Encouraging to see more dissenting voices emerging, specifically:
- Annie Porthouse: Westminster Declaration of Christian Conscience..?? (blog) and Annie Porthouse is NOT signing the Westminster Declaration of Christian Conscience… (facebook)
- Jongudmund: Why I’m not signing the Westminster Declaration
The beauty of it is we’re all coming at it from different directions: me, because I believe in marriage equality for gay and straight couples; Annie because she recognises the reality of our post-Christendom context and believes that attempting to legislate for Christian rights is wrong; and Jongudmund because he sees an outrageous hypocrisy in the stance taken against embryo-destructive research that fails to take the same stand against IVF — go read his post in full if you can’t get your head around my précis.
Good old dissenter and activist Steve Chalke got there before us, though, and his organisation Faithworks has issued a press release that lays out very clearly what is so utterly wrongheaded about this declaration:
Faithworks represents 22,000 Christians from a variety of theological and political backgrounds, our theology is inclusive and not imposing, and our purpose is to encourage people to express their faith through serving others without discrimination. In contrast, the Westminster 2010 Declaration sets Christians up on a moral high ground and implicitly creates divisiveness. It does this at just the time when the church’s morality has been called into question across the world.
And top marks to Lee Moore who got there ahead of Chalke: Why I Won’t Sign Westminster 2010 & Why You Should Read it Carefully Before You Sign
As I said before: Westminster 2010: would Jesus sign it? I don’t think so.
Now, beautiful people (by which I mean you, beloved reader), enough of what not to do. What positive action can we take to sort out this dysfunctional government of ours? Hang ‘em. That’s what I say: hang the lot of ‘em. If you’d like to see parliamentary reform, vote strategically for a hung parliament.
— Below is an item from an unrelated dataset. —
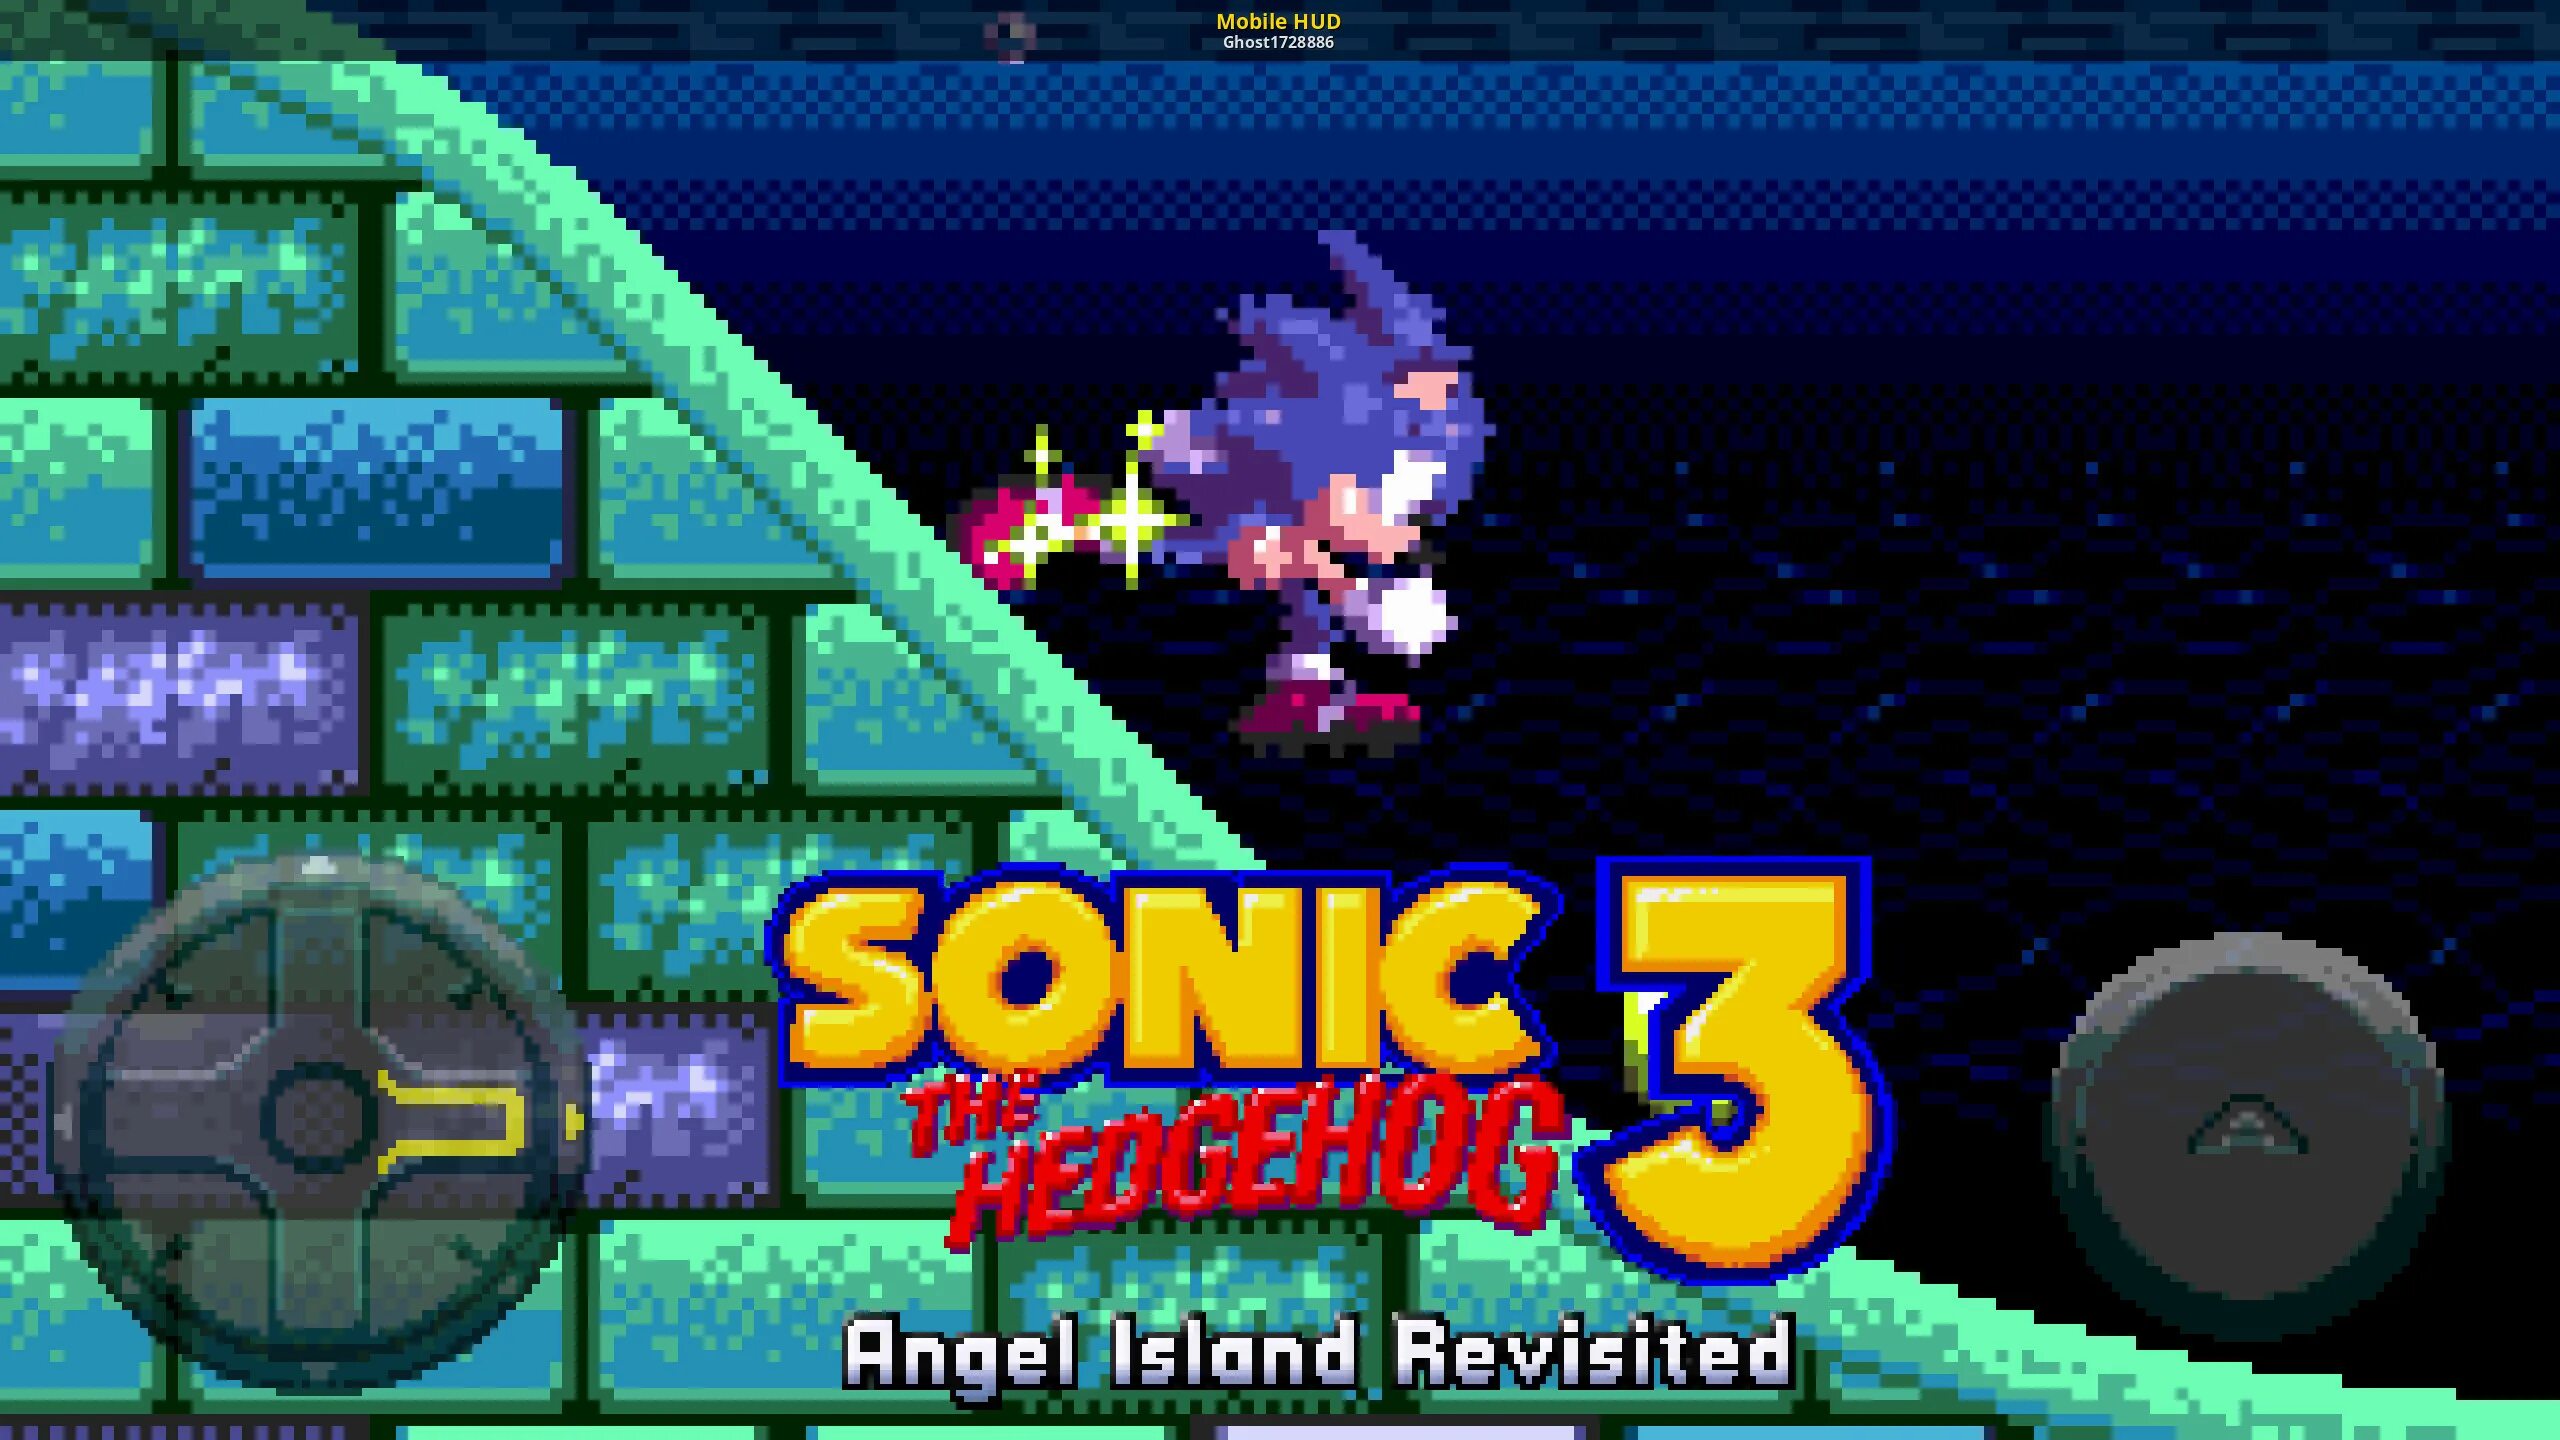 Sonic 3 Air HUD. Sonic 3 Air manual. Sonic 3 a.i.r Android. Sonic 3 Air Mania. Sonic 3 mobile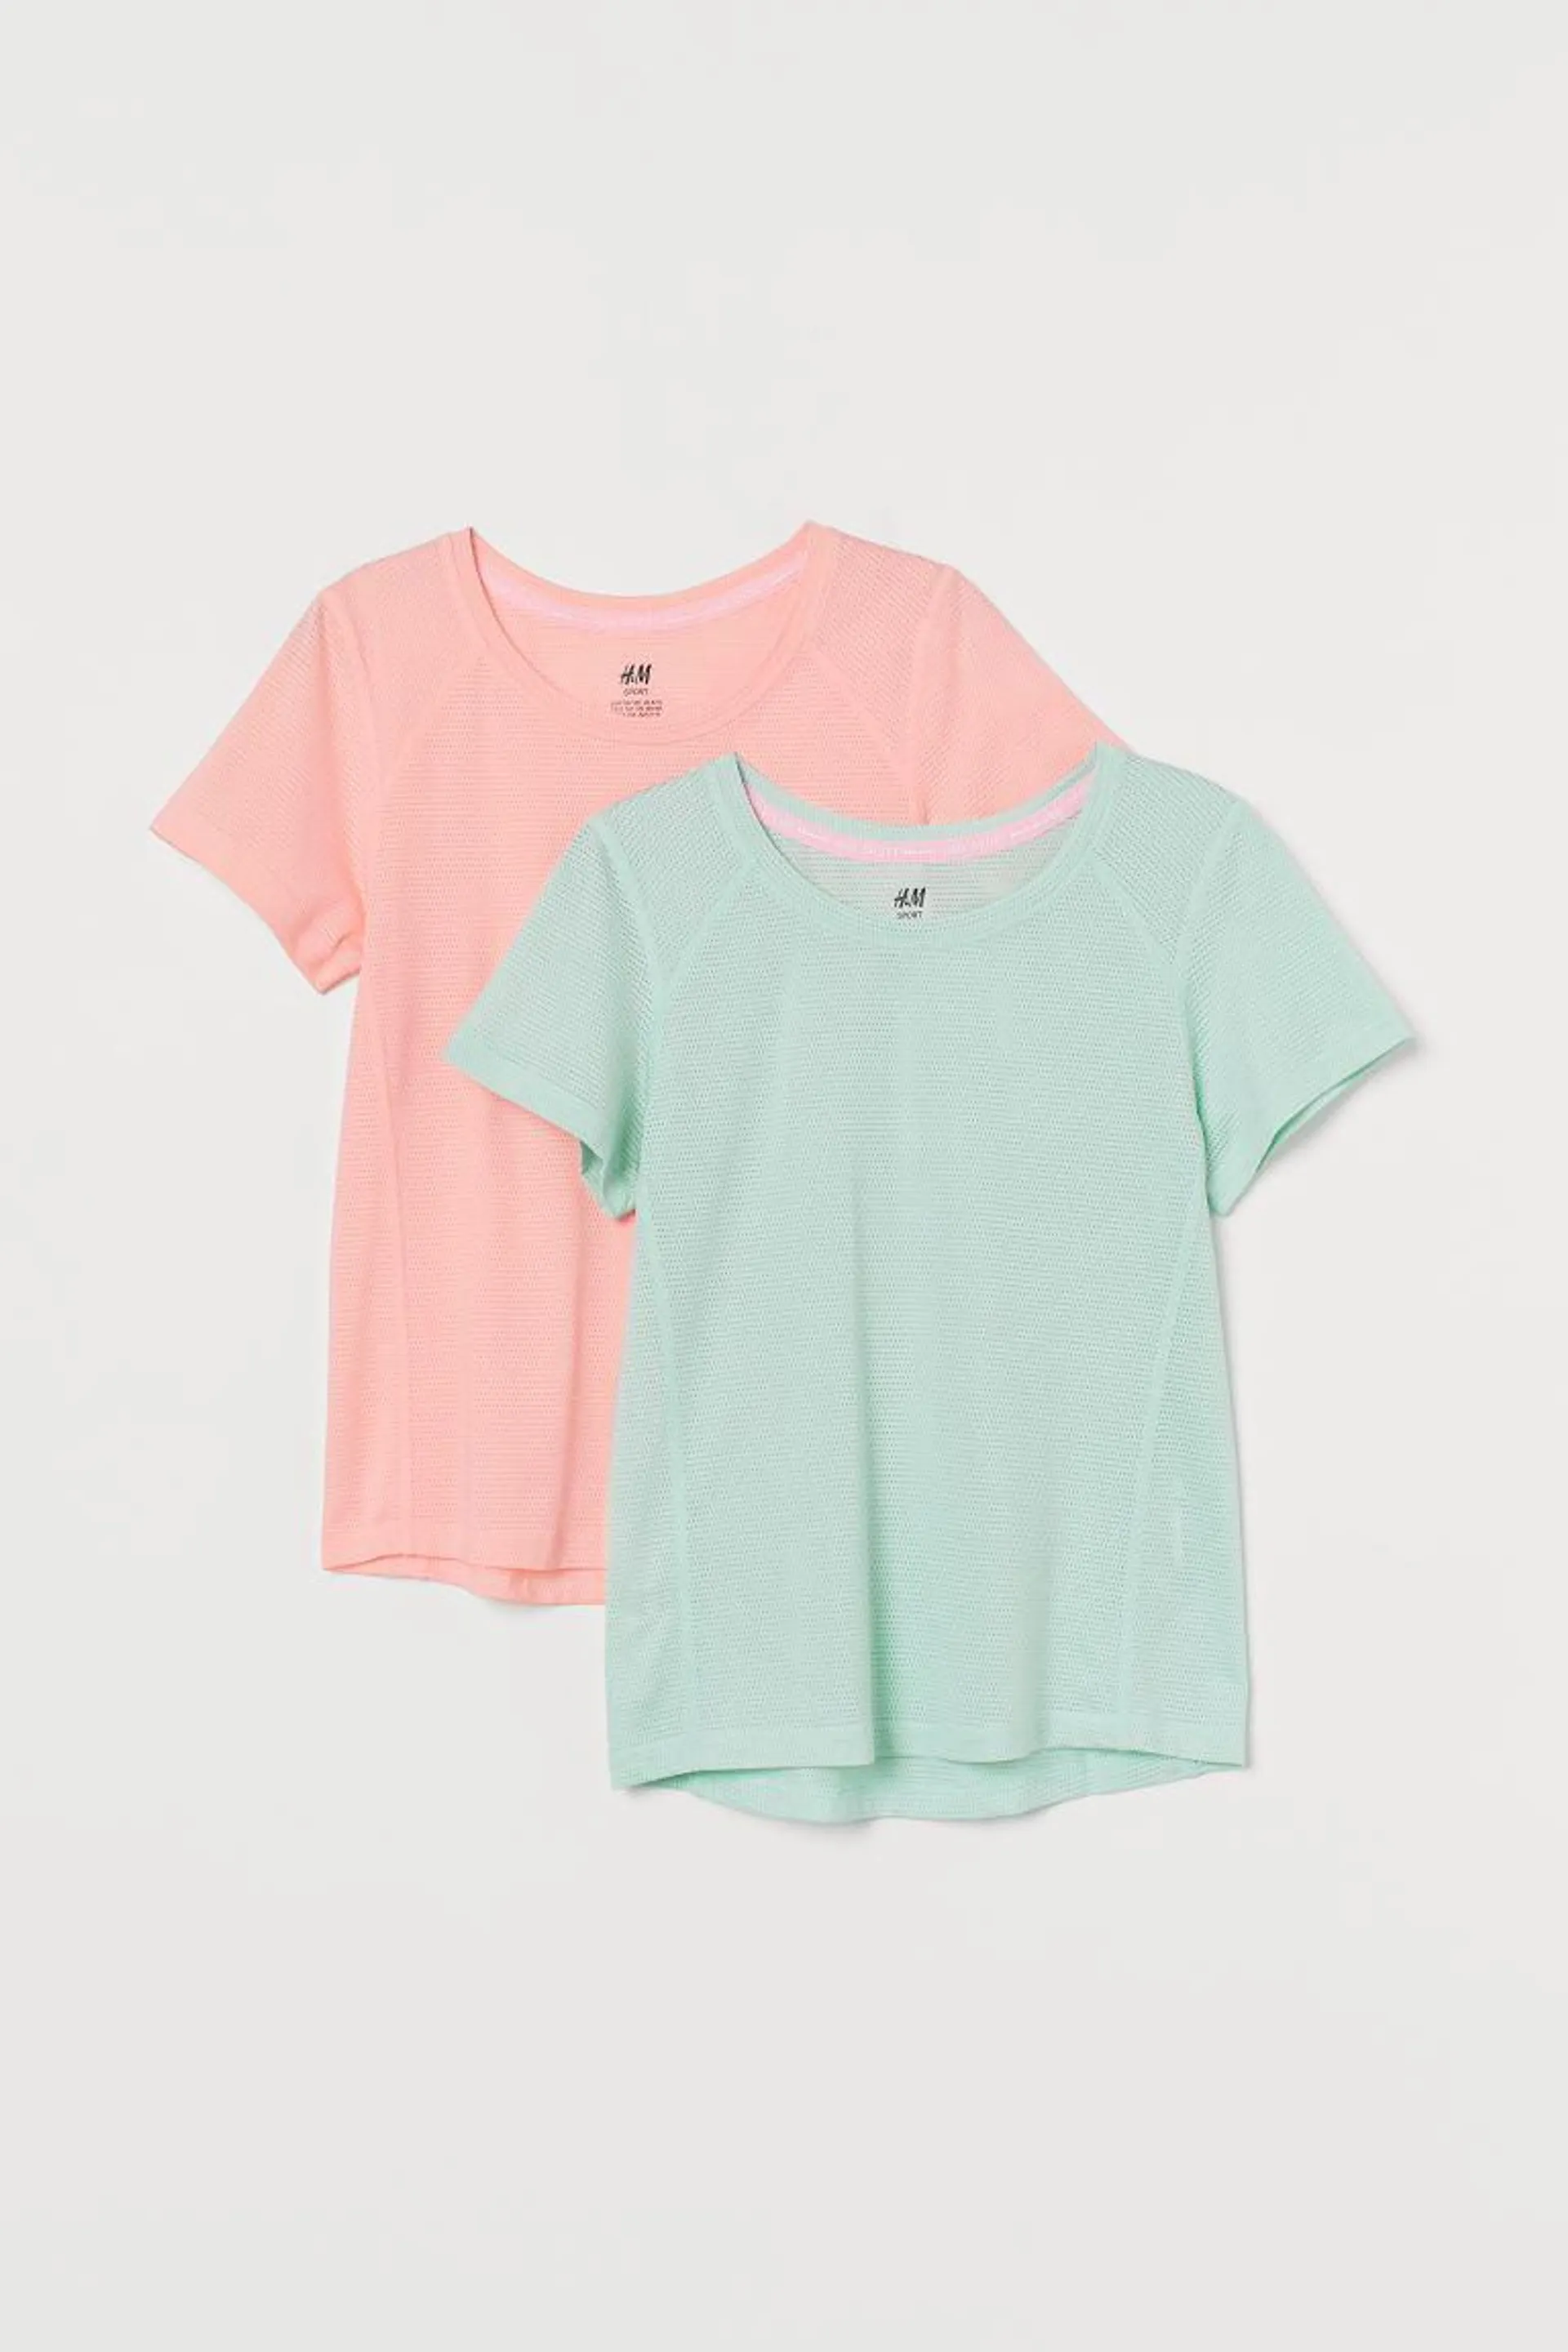 2-pack sports tops

Together, we can do it. Together, we can beat the system: join the campaign at hang-em.com, on facebook and on twitter.
Update, 22/04/2010: Thanks to @Jon_Bartley at Ekklesia who got there even earlier, it turns out: Conservative church leaders launch anti-war declaration for general election (April 4th). His concluding paragraphs sum up the problems with WmD (thanks t’other Jon) rather well:
What it does show is the extent to which those putting the Westminster Declaration together are dualistic in their thinking, selective in their focus, and ignore some of the most central aspects of their faith that have something to say to the world around them – despite their claim to be ‘representing’ Christianity.
In their zeal to combat the ‘marginalisation’ of Christianity, they are actually doing a great deal to marginalise the faith themselves.
What what shows, you ask? Go read Jon’s full analysis.

Hey thanks for mentioning my post.
I agree that an interesting aspect of dissent is that there are so many reasons to dissent. That’s got to be evidence of some serious flaws in the thinking behind WmD.
Hi Phil – great post.
YES – I beat Steve Chalke to something. I can die fulfilled now…
Thanks guys — and @Jon_Bartley at Ekklesia got there even earlier, it turns out: Conservative church leaders launch anti-war declaration for general election (April 4th)…
Shows where my brain is at, I read WmD as Weapons of Mass Destruction!
Excellent post, thanks for the rundown.
[...] http://philgroom.wordpress.com/2010/04/20/the-westminster-declaration-just-say-no-dissenting-voices-… [...]
At the time of writing this post, 43,661 people have signed this declaration. Out of 42,079,000 UK Christians (2001 Census).
Harldy representative, is it?
Hi Phil. I know I’m coming to the party late, but has there been any discussion about this at LST? I couldn’t see anything on the Intranet. Were staff and students consulted about the advertisment of the Principal’s being a signatory? It makes it look like ‘the LST position’.
What I find so disturbing about the declaration is the totally undefined notion of acting according to ‘Christian conscience’ that we’re supposed to be asking MPs to protect. The German Christians were no doubt acting in accordance to their Christian consciences when they supported Hitler. Likewise those that bomb abortion clinics, kill doctors, burn at the stake, deny public services to homosexuals, lynch black people etc.
How could something so uncritically written be produced by so many supposed luminaries of the UK Christian scene?
Hi Daniel – as far as I know there’s been no discussion at LST —plenty of thought-provoking stuff in the latest LST InSight mag (pdf, 1.8mb) though…
[...] My only consolation is that the Westminster 2010 Declaration may prove to be of no use either. Phil’s Boring Blog sums up some of the critical commentary out there, Faithworks have issued a statement against it, [...]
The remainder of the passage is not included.